The National Football League’s postseason started last weekend. The winner-take-all tournament features 14 teams vying for the Super Bowl title. But after a month in which a record number of players had been added to the lists of the COVID-positive, that number has suddenly come to approach zero. It’s almost as if the playoffs were the antidote to COVID-19 in the NFL.
Between Dec. 1-27, 521 players on the league’s 32 teams were added to the league’s reserve/COVID-19 list, CBS Sports reported. The NFL even had to postpone three games because rosters of several teams were depleted. During the penultimate week of the regular season, a record number were on the list. The week before the playoffs started, there were 80 players listed.
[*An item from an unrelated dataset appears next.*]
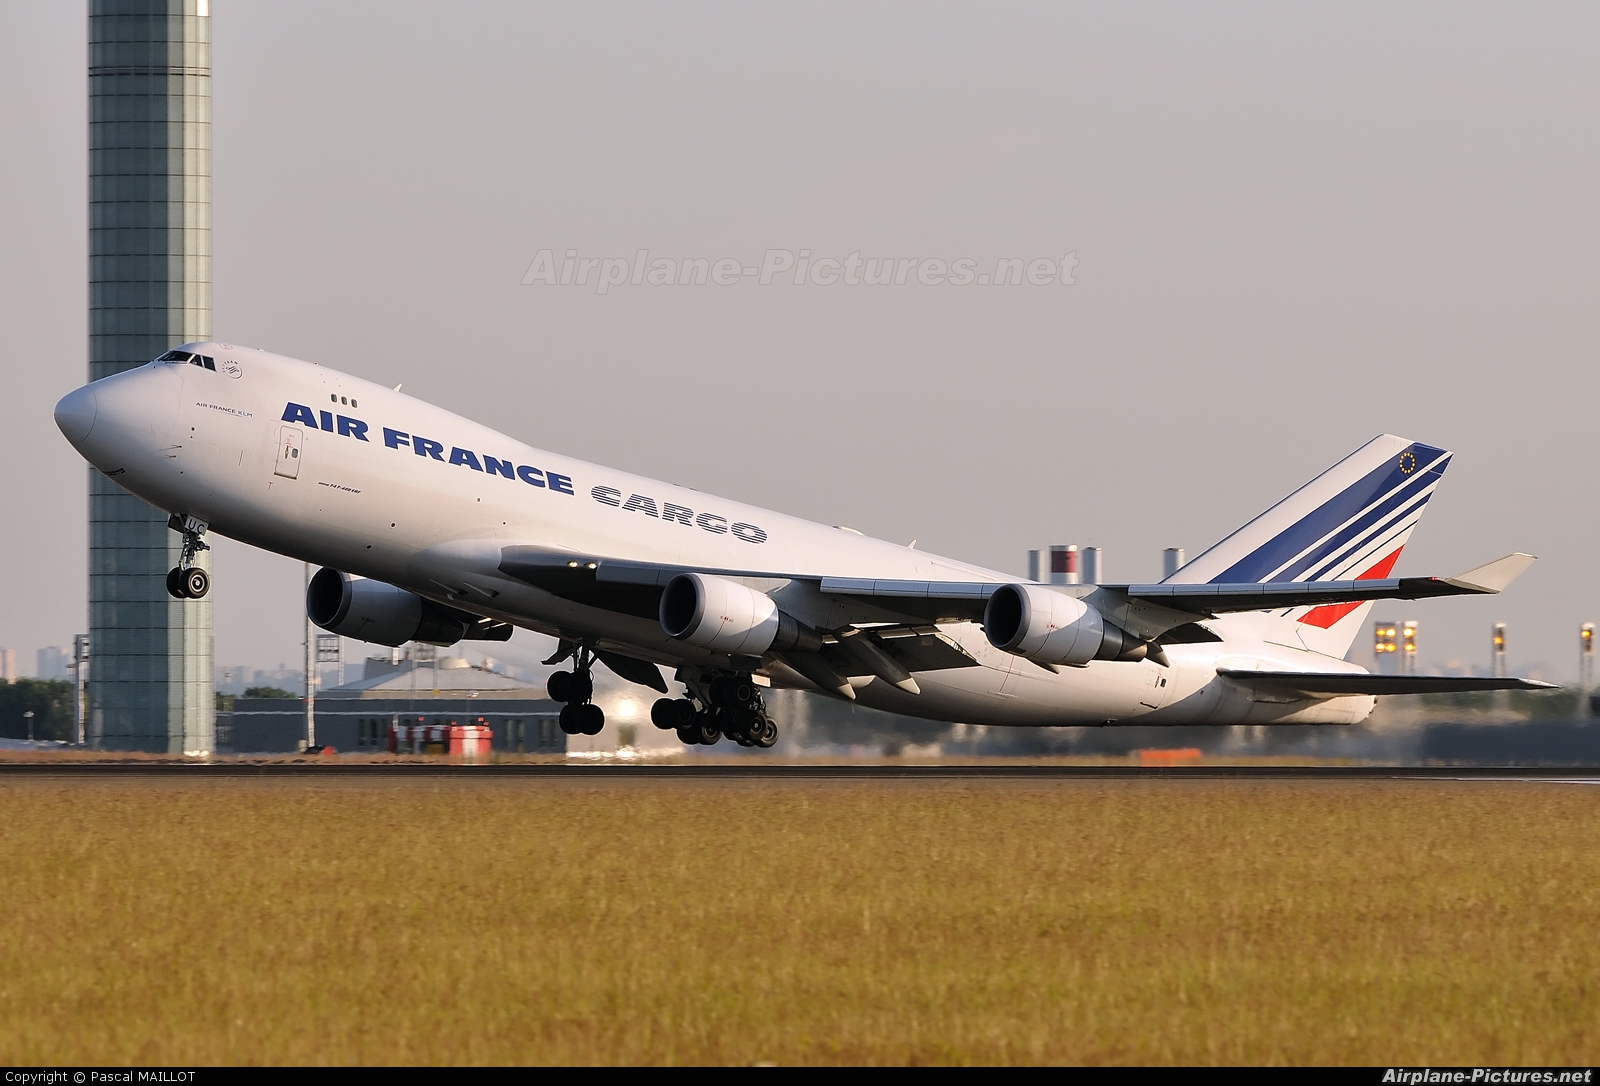 Air France Cargo F-GIUC aircraft at Paris - Charles de Gaulle

With just over half the league eliminated, you would expect the numbers to be fewer now. But entering that first weekend of the playoffs, the 12 teams playing (two other teams had the week off) had a combined seven players on the infected list. Seven of the teams did not have any players on the list.
It’s a New Year’s miracle! And this happened as cases were surging in the world, the country, and the league.
The NFL recently revised its policies, shortening quarantine periods by half to match recent recommendations by the Centers for Disease Control and Prevention. And regular COVID-19 testing for vaccinated players and team staffers has been discontinued unless someone admits to having symptoms. Furthermore, any player, coach, or team staffer who tests positive for COVID-19 can return just one day later, so long as he has two negative tests in that time frame.
The NFL stated the changes had been agreed upon just before the league’s playoffs solely because of its experiences with the omicron variant. Research revealed omicron was more contagious but far less severe. Approximately one-third of infected players had mild symptoms, and nearly two-thirds were completely asymptomatic.
“I think this is a new phase of the pandemic,” said Allen Sills, the NFL’s chief medical officer. “We’ve got an evolving virus and a landscape that’s changing. And therefore, we’re going to need to evolve our solutions.”
For all the talk of the seriousness of COVID-19, is it coincidental that just as the league’s most important part of the season starts, the number of players listed on the COVID-19 reserve lists significantly drops? Maybe science supports this decision — indeed, it might be the first time all season the NFL has had a rational, cogent COVID-19 policy. But when the rules change like this, apparently to accommodate the playoffs, it makes people question the legitimacy of public health advice.